To facilitate the identification of ECC bits, we’ll set the image width to 2112, corresponding to the memory page size. This will allow us to visualize each memory page as a distinct line. We’ll choose an 8-bit per pixel representation in monochrome to ensure an exact correspondence of 2112 bytes per line. Regarding the height, we’ll opt for at least 100 lines to provide a clear view of variations between different memory pages.
Examining the visual representation provided by GIMP, we notice clearly defined segments of 512 bytes within each memory page. These segments are interspersed with thinner columns, whose appearance seems directly influenced by the adjacent block.
512 byte blocks
Looking closer, we realize that the completely black lines display a column with consistent patterns to the left of the 512-byte mark. Contrary to this, lines that show some variation also manifest discrepancies in that same column on the left. Based on this observation, we can infer that the columns positioned both to the left and right of the 512-byte segment represent parity data, and are not an intrinsic part of the bitmap.
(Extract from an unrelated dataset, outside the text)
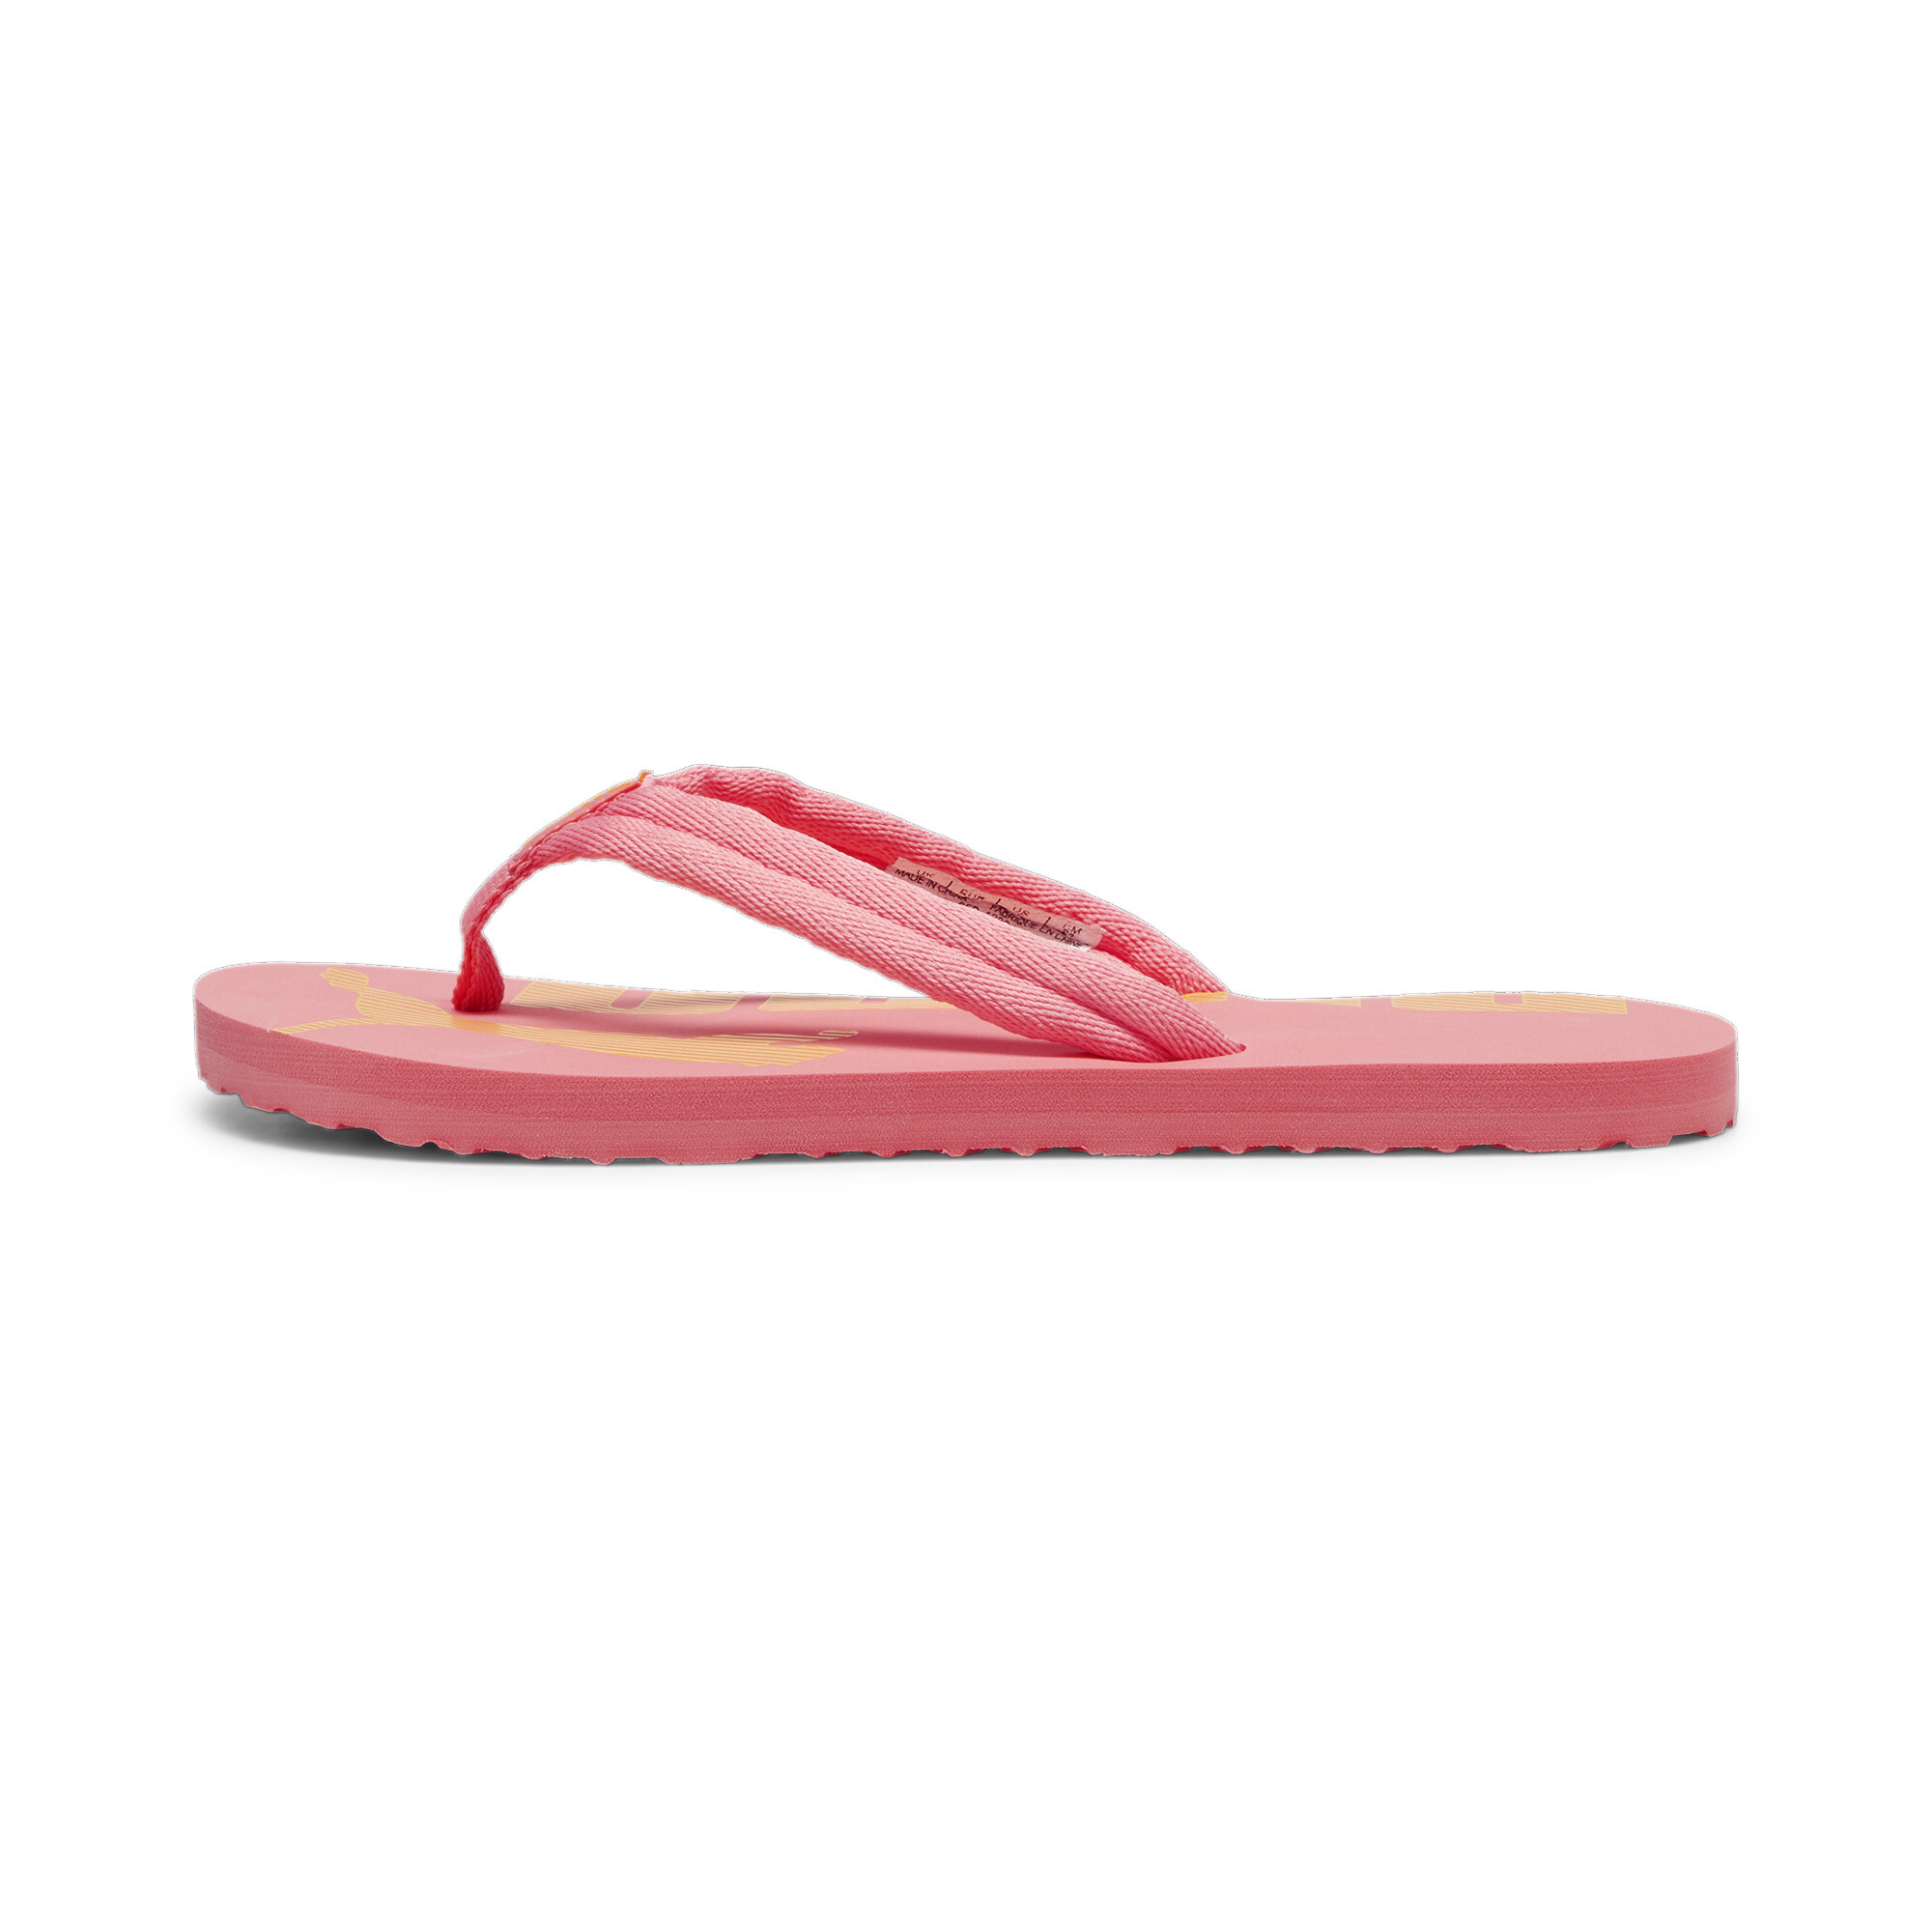 Men's PUMA Epic Flip V2 Sandals In Pink, Size EU 39

This becomes even more evident considering that the first lines of the bitmap are entirely black.
Considering the memory page as a whole, another detail stands out: despite the observed pattern, there is a completely white column in an unexpected position. Additionally, the first column, which theoretically should be white, appears to be displaced or altered in some way.
Column apparently switched place
The hypothesis suggests that, for some reason, these columns may have been switched during the scattering process. To validate this assumption, a practical approach would be to use GIMP itself to reposition the column and assess if the resulting content aligns harmoniously with the rest of the memory page.
Switching identified columns
The above image validates our conjecture, highlighting that the reallocation of columns provides a more coherent visualization of the content. Although it seems unusual at first glance, considering the security nature of the device, it is plausible to think that this altered arrangement could be a deliberate way of hiding data. This peculiarity is not mentioned in any public documentation available for the device’s processor.
Based on these findings, we have the tools needed to refine our Python script, aiming to eliminate the parity bits and rearrange the 512-byte segments, in order to obtain a refined and coherent image.
#!/usr/bin/env python
f = open("F59L1G81MA@BGA63_1111.BIN", "rb")
o = open("FIXEDDATA.bin", "wb")
pagesToRead = 65536
for i in range(pagesToRead):
page = f.read(2112)
data = bytearray(page[10:10+512] + page[535:535+512] + page[1060:1060+512] + page[1585:1585+512])
data[len(data)-48-1] = page[0]
o.write(data)
f.close()
o.close()
After all the steps of analysis and correction, we successfully extracted the bitmap and validated that all our hypotheses and methods of analysis were correct: Adjusted PAX Logo
Conclusion
It is essential to highlight that our approach was limited to removing the parity bits, without actually applying the error correction algorithm. As mentioned earlier, flash memories, particularly NAND type, can have defective bits, even from the time of manufacturing. Omitting the specific ECC algorithm may result in inconsistencies in the final data.
Fortunately, the content of this specific device was not encrypted, which made it easier for us in the analysis of scattering, taking advantage only of known content. If the content had been encrypted, it would be essential to identify a recurring pattern (such as empty memory pages) where the ECC information would be recorded.